In conclusion, this report demonstrates that high-dose continuous infusion beta-lactam antibiotics are a potentially useful treatment strategy for resistant P. aeruginosa infections in critically ill immunocompromised patients. While this approach is not a panacea for multidrug-resistant P. aeruginosa infections, it may provide an additional treatment option when antibiotic choices are limited. This report also may provide a conceptual framework for prospective clinical studies to determine the safety and efficacy of high-dose continuous infusion beta-lactam antibiotics in immunocompromised hosts.

Appendix 1. Formulas

Loading doses and maintenance infusion rates of aztreonam and ceftazidime were calculated using Equations 1 and 2.^12-14 Continuous infusion aztreonam or ceftazidime were administered to achieve target drug levels at or above the MIC when possible. The dosage regimens were calculated with the following parameters: maximal target drug level of 100 mg/L; half-life of two hours; volume of distribution of 0.3 L/kg.
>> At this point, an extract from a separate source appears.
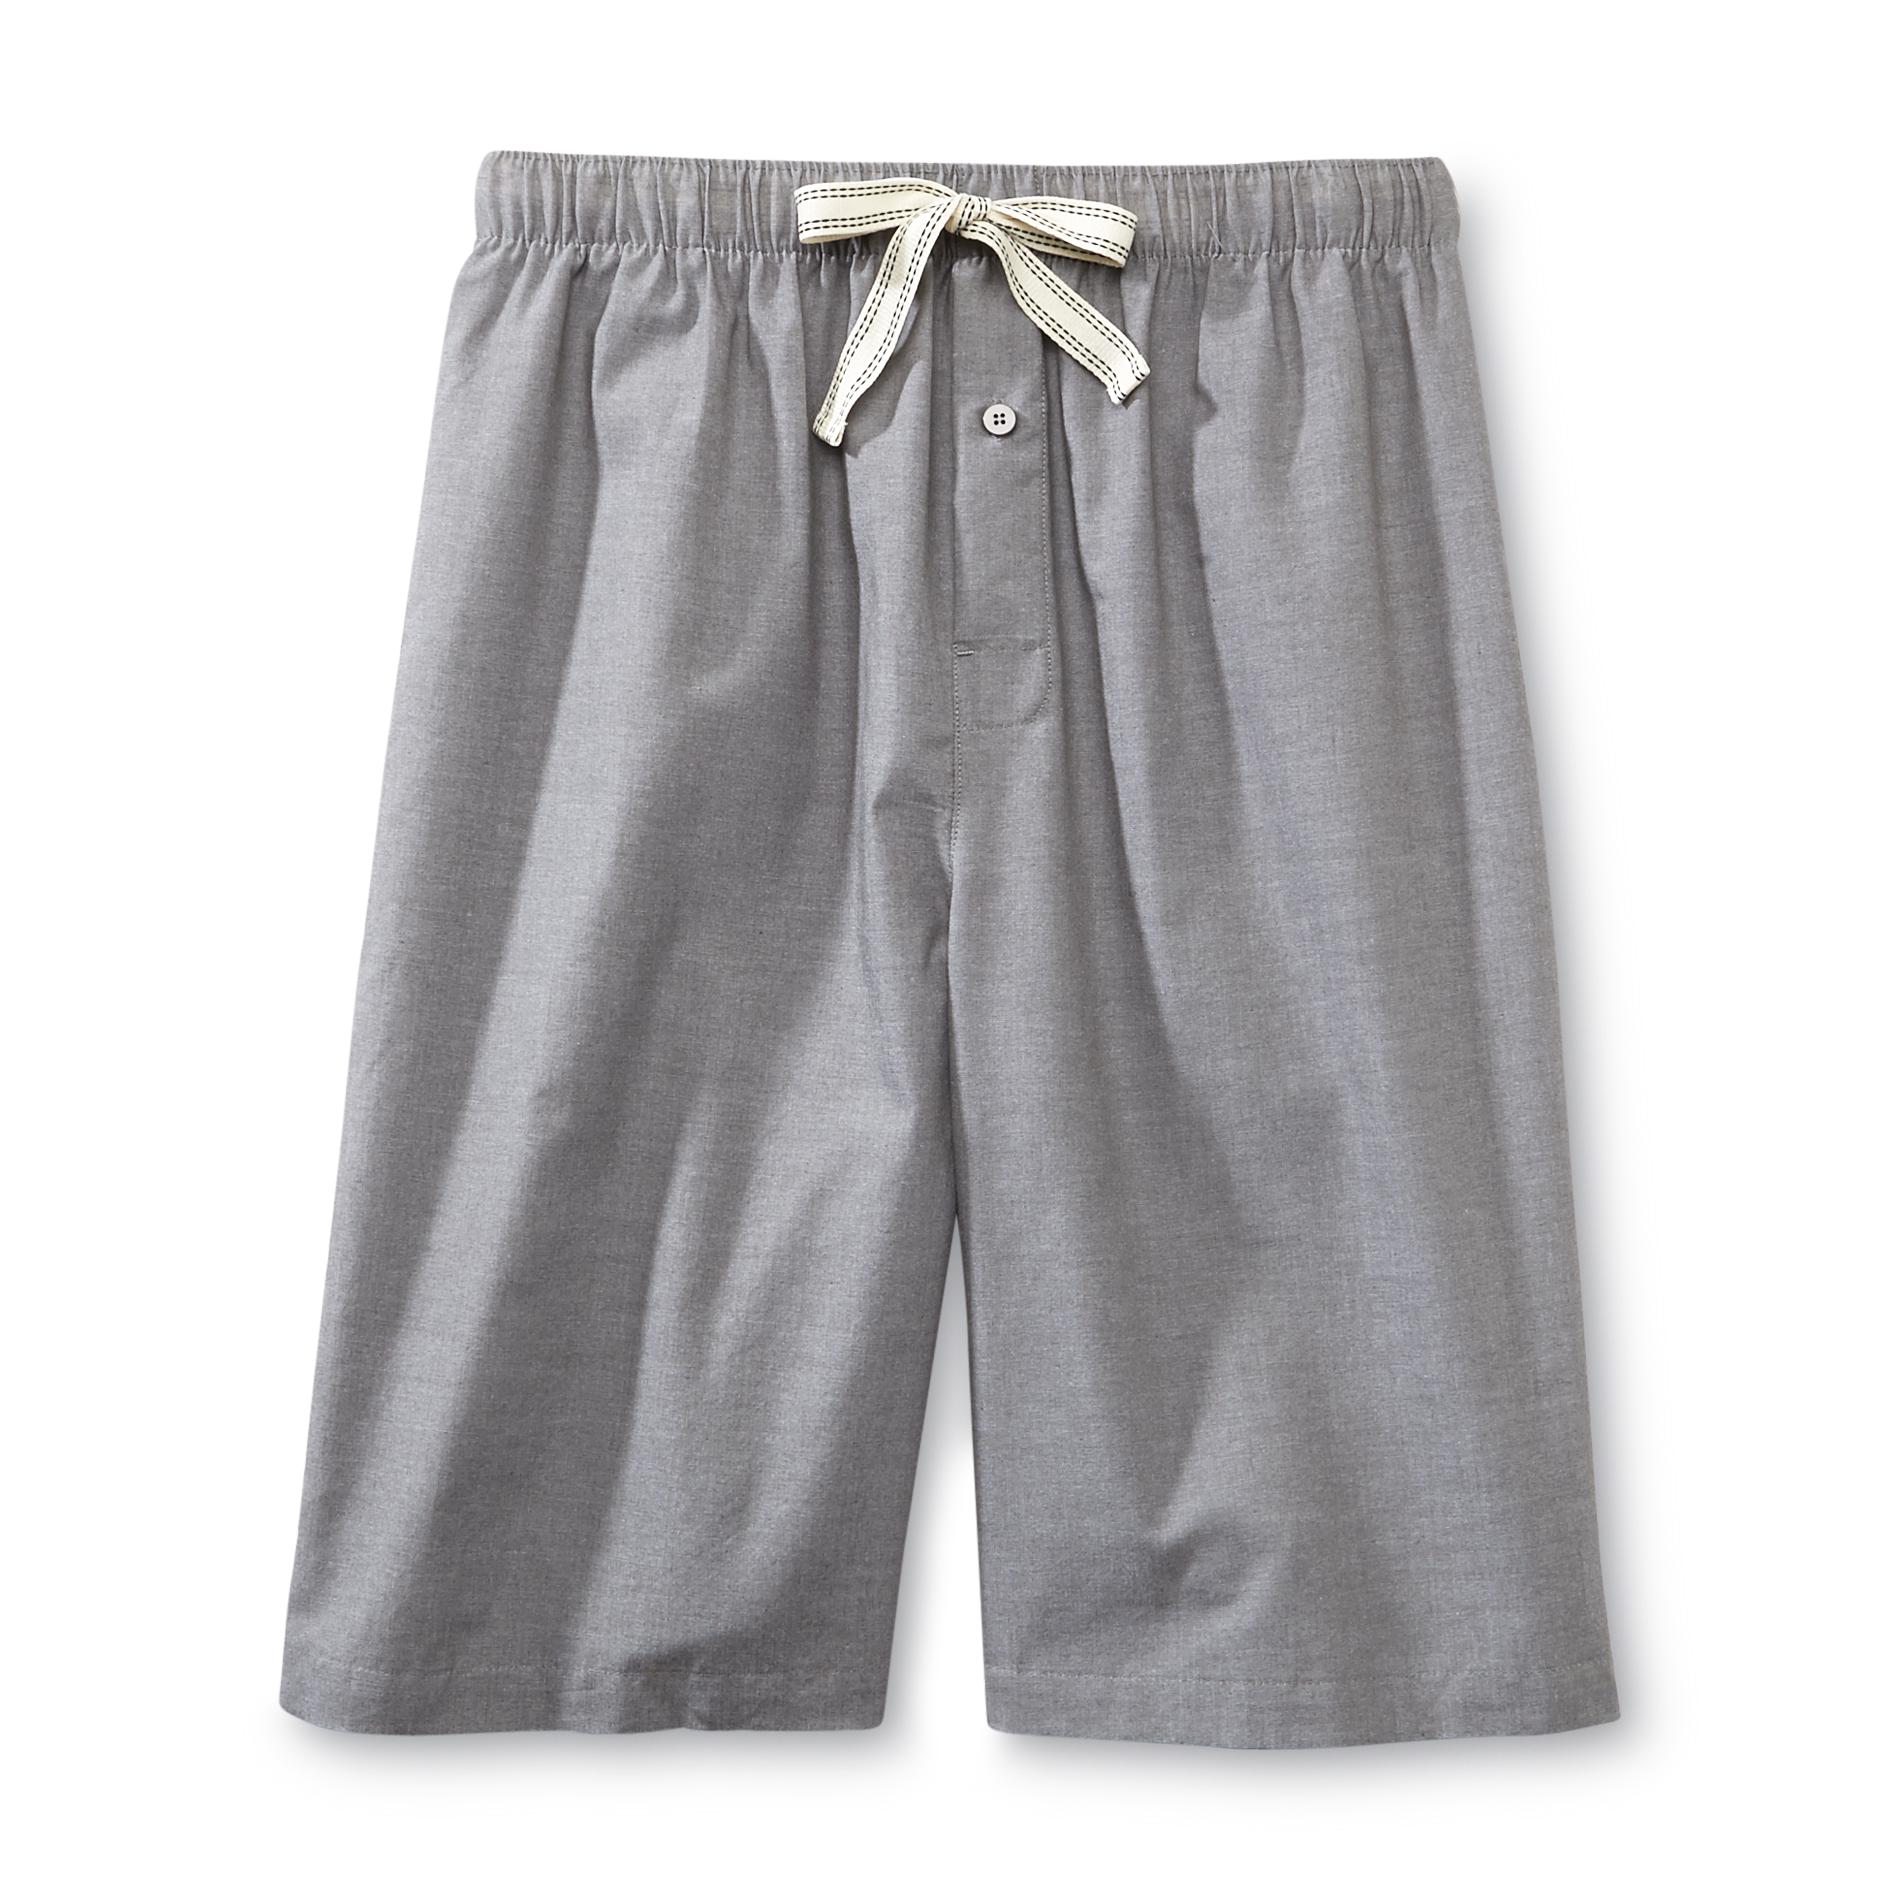 Basic Editions Men's Chambray Pajama Shorts

Renal dosing of ceftazidime was calculated using equation 5. Creatinine clearance (CrCl) was calculated using the Cockroft-Gault equation.¹⁵

$$\begin{array}{cc}\hfill & \text{Loading dose}\left(\mathrm{mg}\right)={\mathrm{C}}_{\text{peak}}(\mathrm{mg}∕\mathrm{L})\times {\mathrm{V}}_{\mathrm{d}}(\mathrm{L}∕\mathrm{kg})\times \text{weight}\left(\mathrm{kg}\right)\hfill \\ \hfill & {\mathrm{C}}_{\text{peak}}=\text{target peak concentration},{\mathrm{V}}_{\mathrm{d}}=\text{volume of distribution}\hfill \end{array}$$ 1.

$$\begin{array}{cc}\hfill & \text{Maintenance infusion rate}(\mathrm{mg}∕\mathrm{h})={\mathrm{C}}_{\mathrm{ss}}(\mathrm{mg}∕\mathrm{L})\times {\mathrm{Cl}}_{\text{total}}(\mathrm{L}∕\mathrm{h})\hfill \\ \hfill & {\mathrm{C}}_{\mathrm{ss}}=\text{target mean steady state concentration},{\mathrm{Cl}}_{\text{total}}=\text{total body clearance}\hfill \end{array}$$ 2.

$$\begin{array}{cc}\hfill & {\mathrm{Cl}}_{\text{total}}(\mathrm{L}∕\mathrm{h})={\mathrm{K}}_{\mathrm{e}}\left({\mathrm{h}}^{-1}\right)\times {\mathrm{V}}_{\mathrm{d}}(\mathrm{L}∕\mathrm{kg})\times \text{weight}\left(\mathrm{kg}\right)\hfill \\ \hfill & {\mathrm{K}}_{\mathrm{e}}=\text{elimination rate constant},{\mathrm{V}}_{\mathrm{d}}=\text{volume of distribution}\hfill \end{array}$$ 3.

$$\begin{array}{cc}\hfill & {\mathrm{K}}_{\mathrm{e}}\left({\mathrm{h}}^{-1}\right)=0.693∕{\mathrm{t}}_{1∕2}\left(\mathrm{h}\right)\hfill \\ \hfill & {\mathrm{K}}_{\mathrm{e}}=\text{elimination rate constant},{\mathrm{t}}_{1∕2}=\text{half-life}\hfill \end{array}$$ 4.

$$\begin{array}{cc}\hfill & \text{Maintenance infusion rate for}\mathrm{Crcl}<100\mathrm{mL}∕\min \hfill \\ \hfill & \text{Maintenance infusion rate}(\mathrm{mg}∕\mathrm{h})=\left(\text{maintenance infusion rate from equation}2\right)\times (\mathrm{CrCl}∕100)\hfill \end{array}$$ 5.